Available for free in Mistral Vibe https://mistral.ai/products/vibe (via API labs-leanstral-2603) and for download for on-premise hosting and integration with lean-lsp-mcp. This is the first contribution to a future where formal verification becomes commonplace and human review is no longer a bottleneck.

HN Reaction
https://news.ycombinator.com/item?id=47404796
Enthusiasts see a future in "executable specs" where an agent writes code + proofs, making regressions impossible. Skeptics remind that proofs only guarantee validity, not that you proved exactly what you intended, and for ordinary projects (non-mathematical/critical software), this is currently "overkill".

Nvidia Nemotron 3 Super
https://build.nvidia.com/nvidia/nemotron-3-super-120b-a12b
Nvidia presented their new model - Nemotron 3 Super, an open hybrid Mamba-Transformer MoE model: 120B total / 12B active parameters, 1M token context. Currently available for free in Kilo Code: https://blog.kilo.ai/p/nvidia-nemotron-3-super-launch

The Hacker News post about the release gained only 13 points and 2 comments; generally, no one seems to care. Nvidia took a long time to develop this, and Qwen 3.5 has already "caught up and surpassed" many competitors.

Cursor Model Update
https://forum.cursor.com/t/introducing-composer-2/155288
https://cursor.com/blog/composer-2
Composer is Cursor's own coding LLM, which delivers good results on simple tasks. Version 2 was specifically trained on long coding tasks using reinforcement learning. The model is quite affordable, with both standard and fast variants available.

and this is Kimi K2.5
https://news.ycombinator.com/item?id=47452404
Users noticed that Cursor Composer 2 is based on the Chinese open-weight model Kimi K2.5 from Moonshot AI, rather than being a completely in-house development by Cursor from scratch.

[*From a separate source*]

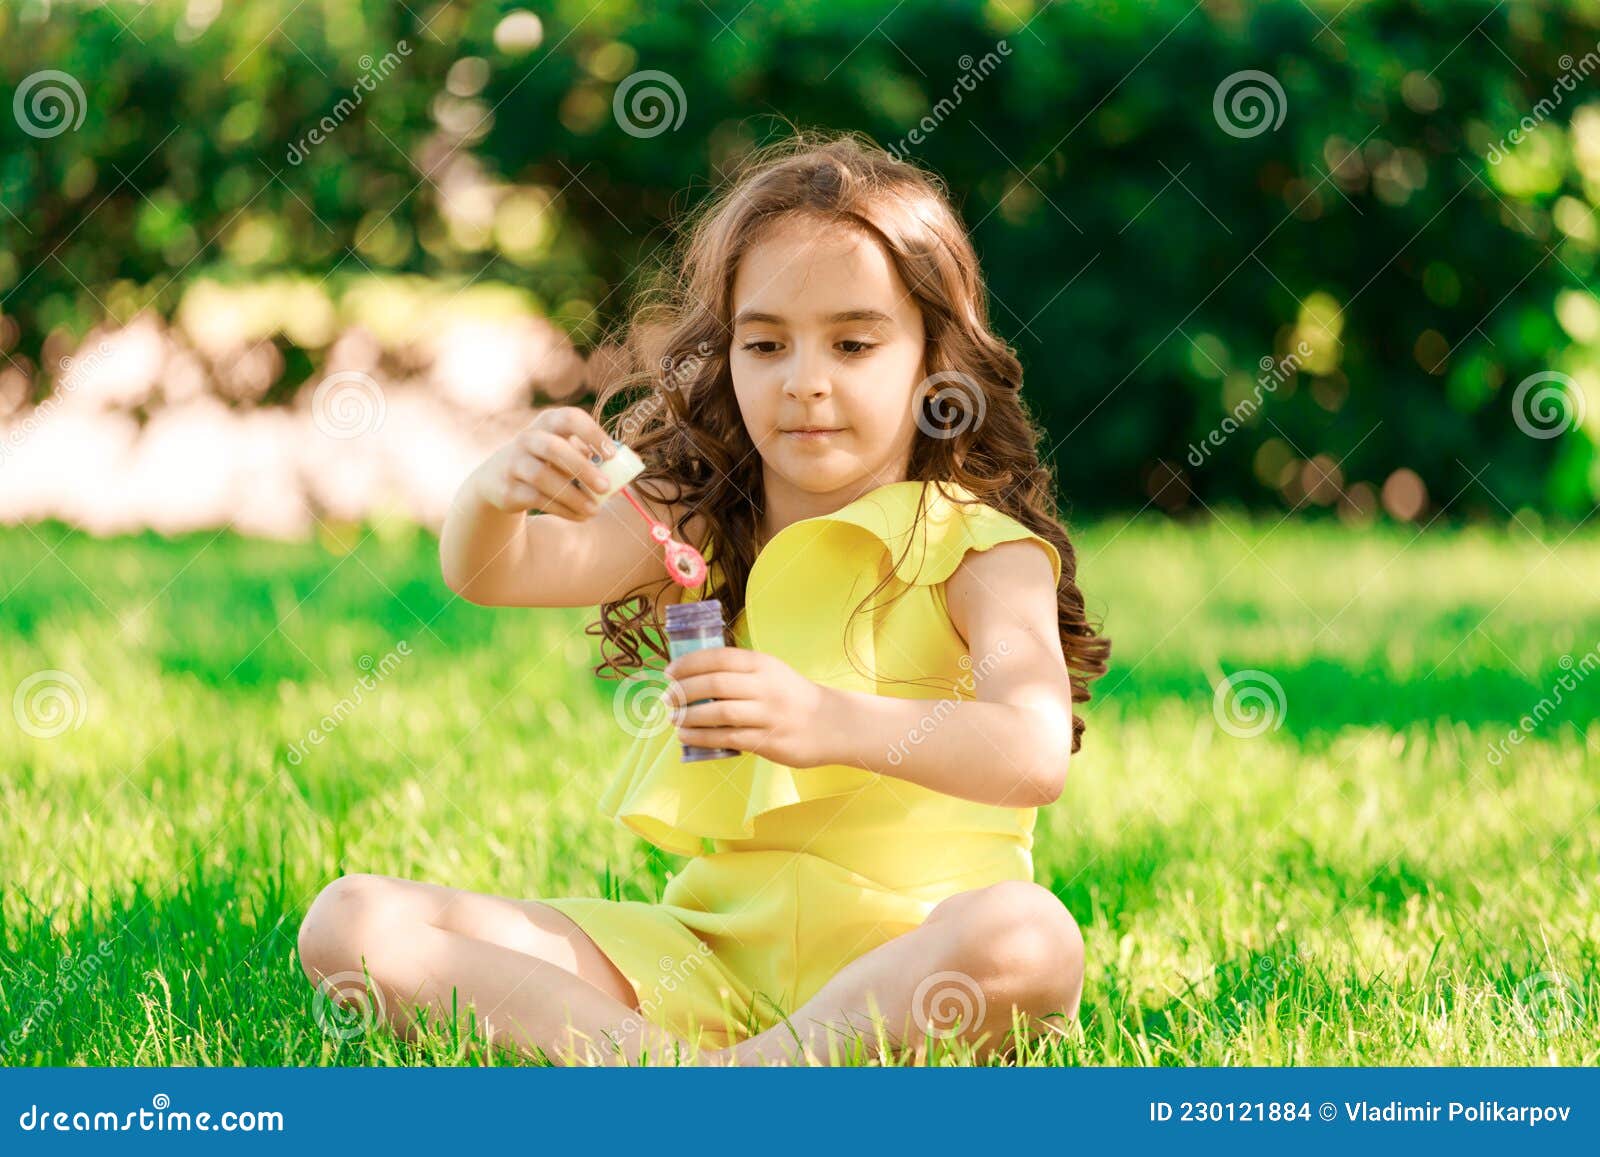 坐在绿草地上吹泡泡的快乐美女图片素材-编号14691046-图行天下

The Kimi K2.5 model has a specific modified MIT license. It requires mandatory disclosure of the name "Kimi K2.5" in the interface if the company's revenue exceeds $20 million per month. Later, representatives from Moonshot and Cursor confirmed an official partnership between them. Cursor accesses Kimi through the inference provider Fireworks AI.

Cursor Interface Update
https://forum.cursor.com/t/what-is-cursor-glass/155327
https://cursor.com/glass
Glass is a completely new interface currently in early access, based on an agent command center paradigm. Some users are already complaining that the update "forcefully" installs Glass without a way to switch back yet.

https://www.youtube.com/watch?v=stRhZIrwa-w

Now agents are managed in a single space: project threads, parallel sessions, plugin marketplace, built-in browser+terminal, one-click Git, Shift+Tab planning with Mermaid diagrams, and todos.

It's a good step to stay competitive. Of course, there's a lack of original ideas, as the name sounds like an Apple interface and the look mimics the Codex app. However, a bigger problem now is that it’s no longer easy to create or open files manually. Consequently, Cursor is losing its status as an "AI IDE" where one could still write code directly (an editor for humans).